- [Brief]: Find the lines holding the string "French" in the data, then copy all of them.

- [Record set]:
================

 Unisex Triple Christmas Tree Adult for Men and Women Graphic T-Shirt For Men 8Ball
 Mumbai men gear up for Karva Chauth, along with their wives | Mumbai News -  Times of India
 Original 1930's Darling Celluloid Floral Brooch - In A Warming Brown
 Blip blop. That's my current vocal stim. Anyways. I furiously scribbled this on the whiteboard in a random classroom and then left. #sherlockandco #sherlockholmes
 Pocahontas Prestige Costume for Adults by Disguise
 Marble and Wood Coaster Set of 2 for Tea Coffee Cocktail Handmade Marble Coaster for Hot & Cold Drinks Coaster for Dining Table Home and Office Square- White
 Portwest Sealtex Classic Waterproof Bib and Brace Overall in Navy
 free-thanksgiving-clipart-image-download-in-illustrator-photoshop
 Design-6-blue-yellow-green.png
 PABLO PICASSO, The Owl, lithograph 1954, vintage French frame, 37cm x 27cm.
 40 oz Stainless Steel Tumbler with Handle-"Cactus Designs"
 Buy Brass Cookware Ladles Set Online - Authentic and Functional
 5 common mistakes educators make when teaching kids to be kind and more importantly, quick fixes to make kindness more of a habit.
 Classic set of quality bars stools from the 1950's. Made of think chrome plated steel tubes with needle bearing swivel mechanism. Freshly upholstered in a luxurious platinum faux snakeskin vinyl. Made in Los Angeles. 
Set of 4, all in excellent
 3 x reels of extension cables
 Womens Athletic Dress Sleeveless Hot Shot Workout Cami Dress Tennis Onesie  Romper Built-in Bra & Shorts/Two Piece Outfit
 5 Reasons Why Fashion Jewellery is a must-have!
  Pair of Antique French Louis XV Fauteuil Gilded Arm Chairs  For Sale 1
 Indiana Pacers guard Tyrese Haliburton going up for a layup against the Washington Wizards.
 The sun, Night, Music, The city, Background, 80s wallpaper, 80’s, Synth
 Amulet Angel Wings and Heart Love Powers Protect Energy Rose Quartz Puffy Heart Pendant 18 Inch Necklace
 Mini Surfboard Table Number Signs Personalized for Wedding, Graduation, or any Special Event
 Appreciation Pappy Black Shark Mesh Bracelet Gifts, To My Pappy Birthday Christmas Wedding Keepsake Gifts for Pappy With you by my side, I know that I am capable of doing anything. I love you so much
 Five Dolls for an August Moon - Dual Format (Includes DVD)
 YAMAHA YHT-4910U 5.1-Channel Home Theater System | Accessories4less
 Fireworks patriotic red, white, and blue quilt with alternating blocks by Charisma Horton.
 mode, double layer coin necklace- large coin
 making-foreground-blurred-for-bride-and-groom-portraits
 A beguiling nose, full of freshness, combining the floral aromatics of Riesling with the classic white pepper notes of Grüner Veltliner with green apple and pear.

================

- [Exercise solution]:
 PABLO PICASSO, The Owl, lithograph 1954, vintage French frame, 37cm x 27cm.
  Pair of Antique French Louis XV Fauteuil Gilded Arm Chairs  For Sale 1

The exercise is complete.